Twitter Sentiment Analysis Using Machine Learning Algorithms

DOI : 10.17577/IJERTV12IS070128

Download Full-Text PDF Cite this Publication

Text Only Version

Twitter Sentiment Analysis Using Machine Learning Algorithms

Nithya N

Computer Science and Engineering RNS Institute of Technology Bangalore, India

Devaraju B M

Computer Science and Engineering RNS Institute of Technology Bangalore, India

Dr. Girijamma H A

Computer Science and Engineering RNS Institute of Technology Bangalore, India

AbstractTwitter has become a prominent platform for people to express their opinions, emotions, and sentiments on a wide range of topics. Extracting valuable insights from this massive pool of user-generated data is a challenging task. This project focuses on developing an effective sentiment analysis model for Twitter data, enabling opinion mining and trend analysis. The objective of this paper is to develop a robust sentiment analysis solution that can accurately classify tweets into positive, negative, or neutral sentiment categories. By analyzing the sentiment expressed in tweets, valuable insights can be gained into public opinion, customer feedback, and emerging trends. This enables organizations and individuals to make informed decisions, understand brand perception, and monitor sentiment fluctuations in real-time. The project tackles several challenges specific to Twitter sentiment analysis. These challenges include handling noise and data quality issues caused by abbreviations, misspellings, slang, and informal language commonly found in tweets. The presence of sarcasm, irony, and cultural references further complicates accurate sentiment analysis. The proposed sentiment analysis model leverages machine learning techniques, including advanced algorithms such as Naive Bayes, Support Vector Machines (SVM), Decision Tree and Logistic Regression. The model will be trained on a large dataset of labeled tweets to learn patterns and relationships between tweet features and sentiment labels. Various preprocessing techniques, feature extraction methods, and feature selection approaches will be employed to enhance the accuracy and generalization of the model. To evaluate the performance of the sentiment analysis model, standard evaluation metrics such as accuracy, precision, recall, and F1- score will be utilized. A comparison with existing approaches will be conducted to assess the model's effectiveness and competitiveness.

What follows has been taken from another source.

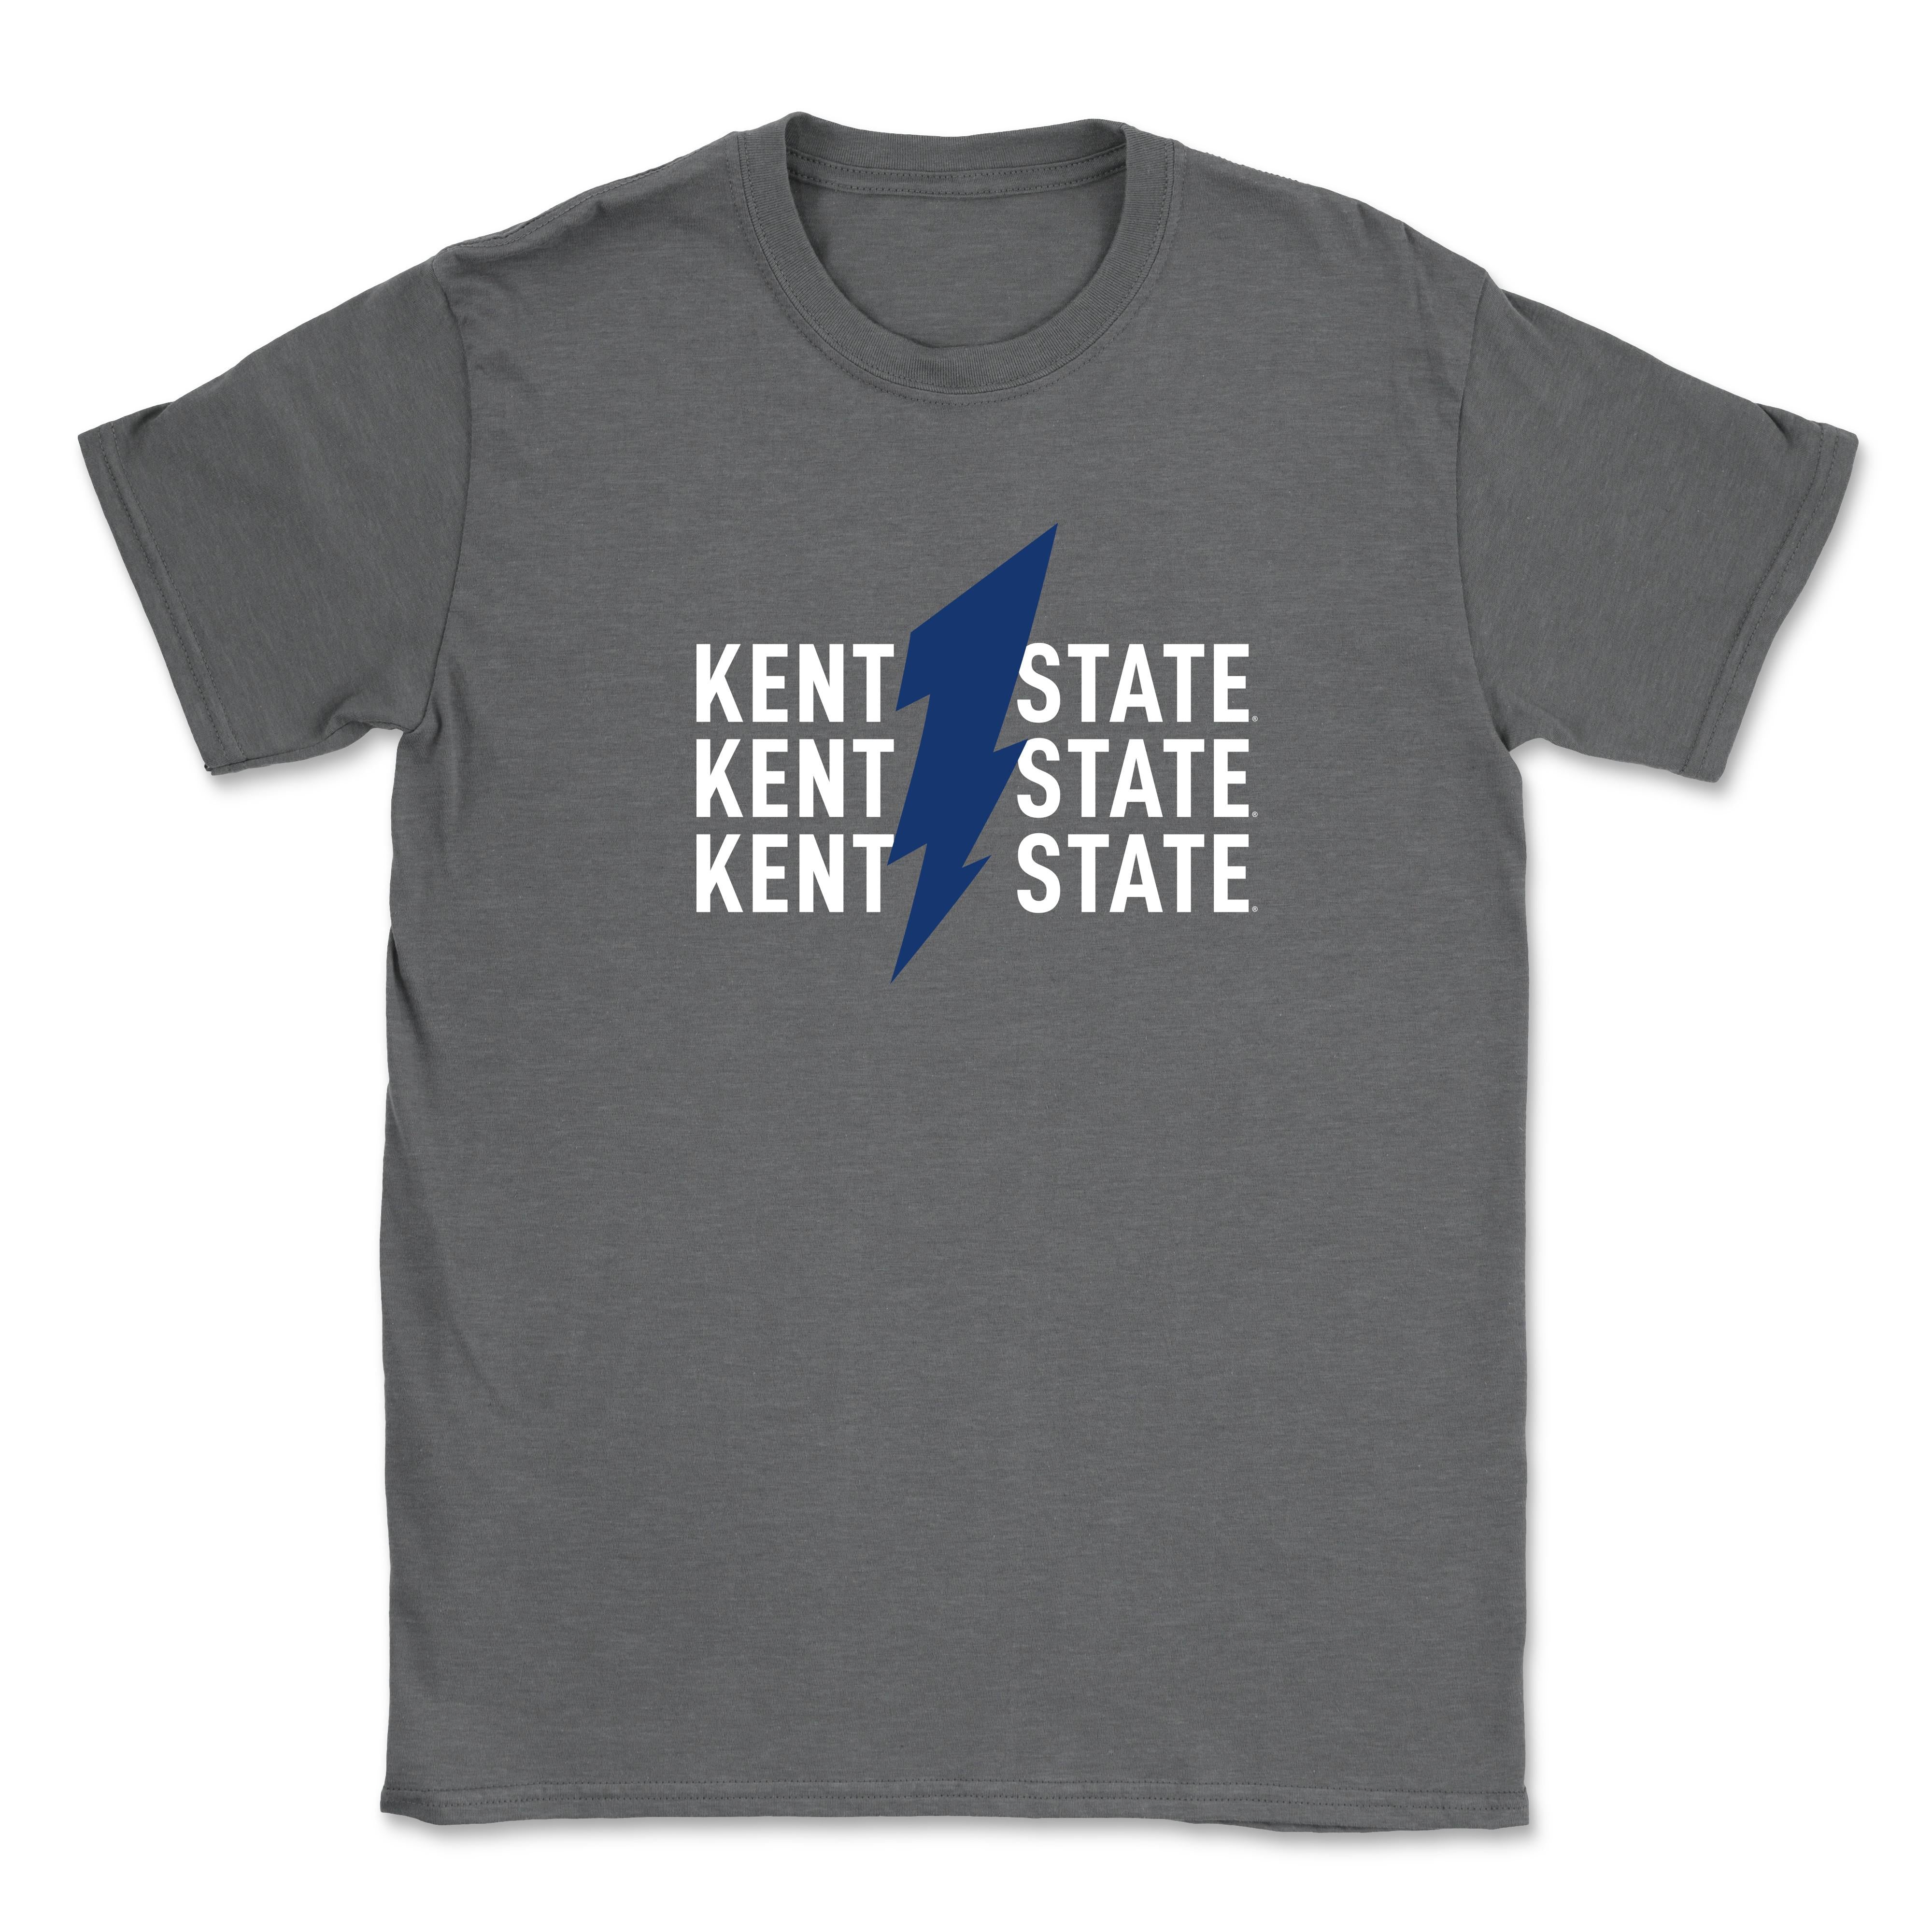 Repeating Kent State With Bolt
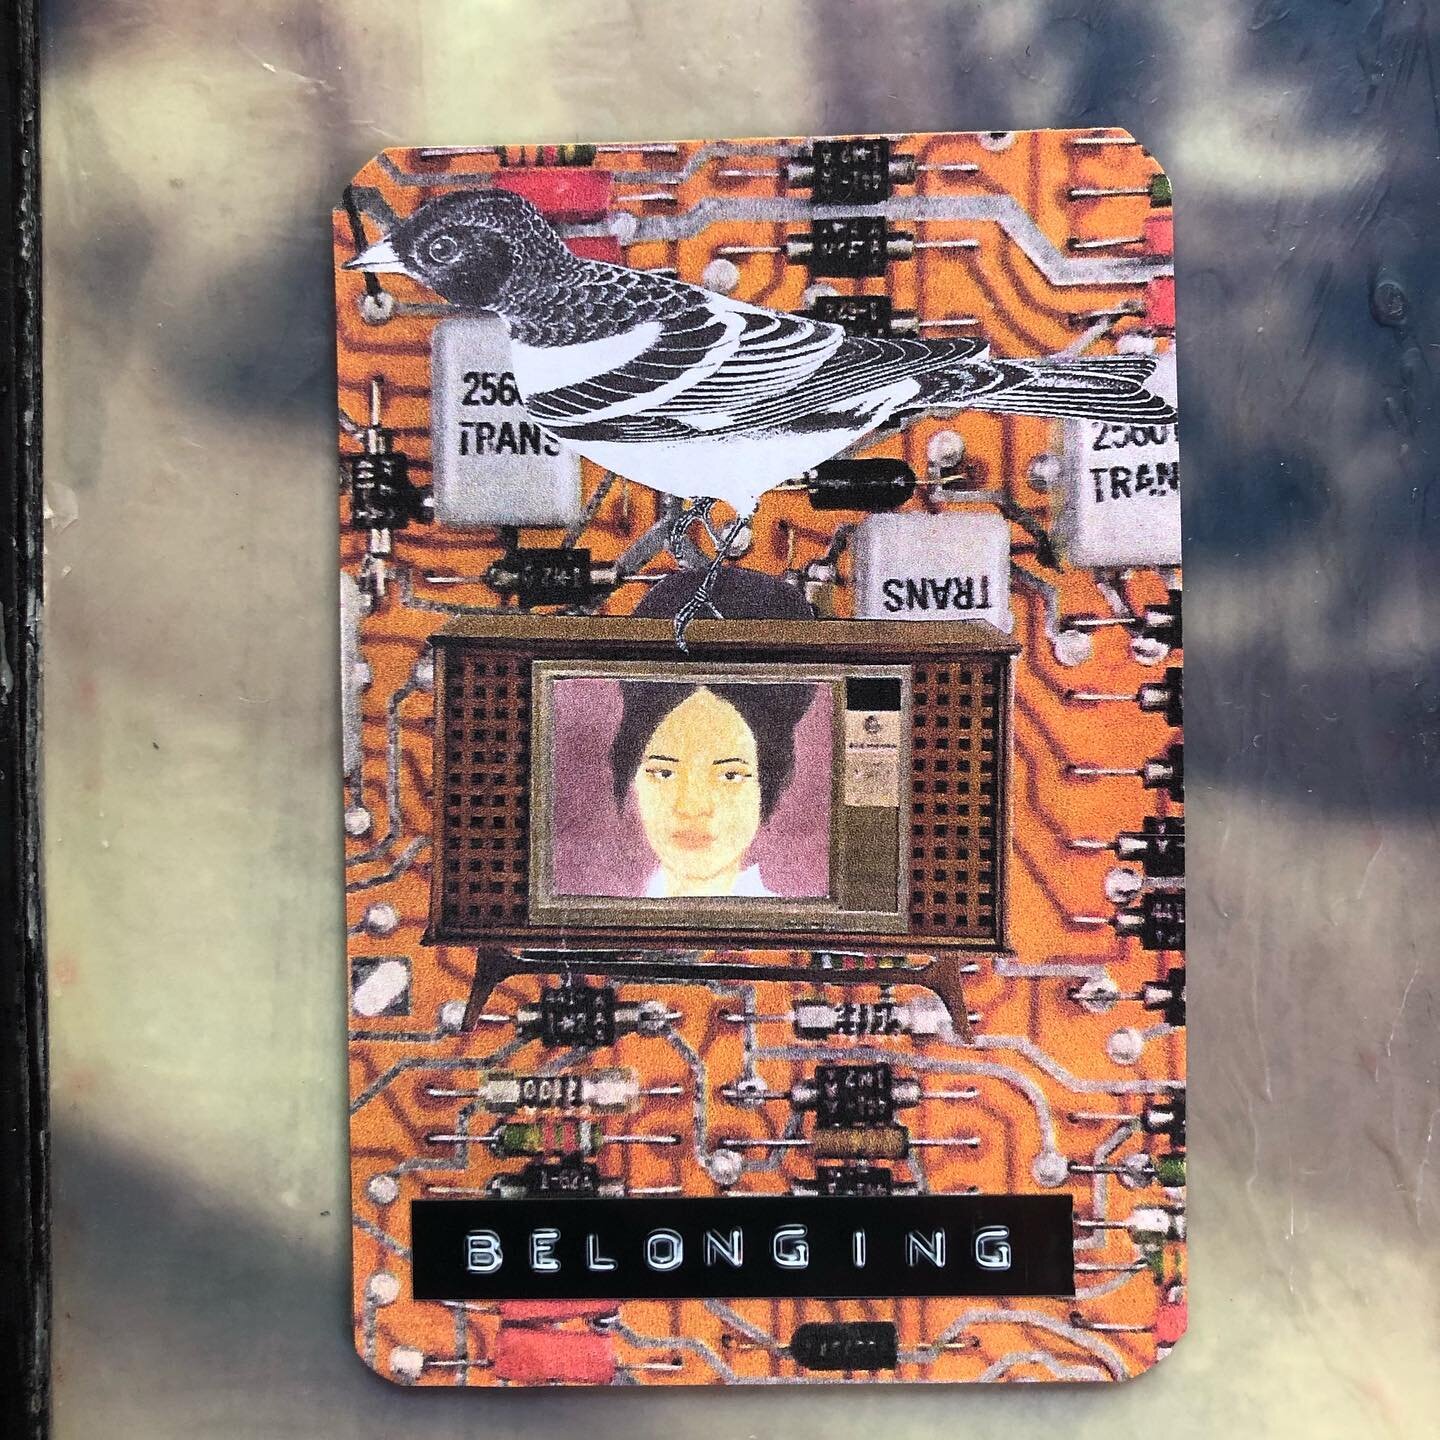 Belonging. Pondering this word prompt for #inneralchemycards2021 When I begin to examine the word itself I suddenly realize that when taken apart it becomes &ldquo;be longing.&rdquo; We all long to belong, and yet we are often longing for things outs

Keywords Twitter; sentiment ; VADER; NLP; polarity; subjectivity;

  1. INTRODUCTION

    Social media platforms like Twitter have become a significant source of information and opinions for millions of users worldwide. Twitter provides a platform for users to express their thoughts, emotions, and opinions in short text messages called tweets. Analyzing the sentiment behind these tweets can provide valuable insights into public opinion, customer feedback, and emerging trends. Sentiment analysis of Twitter data involves extracting and analyzing the sentiment

    expressed in tweets to understand the overall sentiment of a particular topic, brand, or event.

    The paper focuses on sentiment analysis of Twitter data and does not delve into other aspects such as user demographics, geographical analysis, or network analysis. The project seeks to build a robust sentiment analysis solution that can provide valuable insights into public opinion, customer feedback, and sentiment trends on Twitter. The solution should achieve high accuracy in sentiment classification, considering the unique characteristics of Twitter data such as abbreviations, misspellings, slang, and the presence of emojis or emoticons. Additionally, the model should address challenges related to language ambiguity, sarcasm, and cultural references that can impact accurate sentiment interpretation. The goal is to develop a scalable and efficient sentiment analysis model that can handle real-time data streams and adapt to different domains or topics. The project also aims to explore techniques to address biases, ensure fairness, and protect user privacy in sentiment analysis.

    The significance of Twitter sentiment analysis lies in its potential to provide actionable insights for various domains:

    1. Brands and Businesses: Companies can analyze sentiment to gauge customer satisfaction, identify product issues, and assess the success of marketing campaigns.

    2. Politics and Elections: Sentiment analysis on political tweets can help predict public opinion, track candidate popularity, and understand voter sentiment.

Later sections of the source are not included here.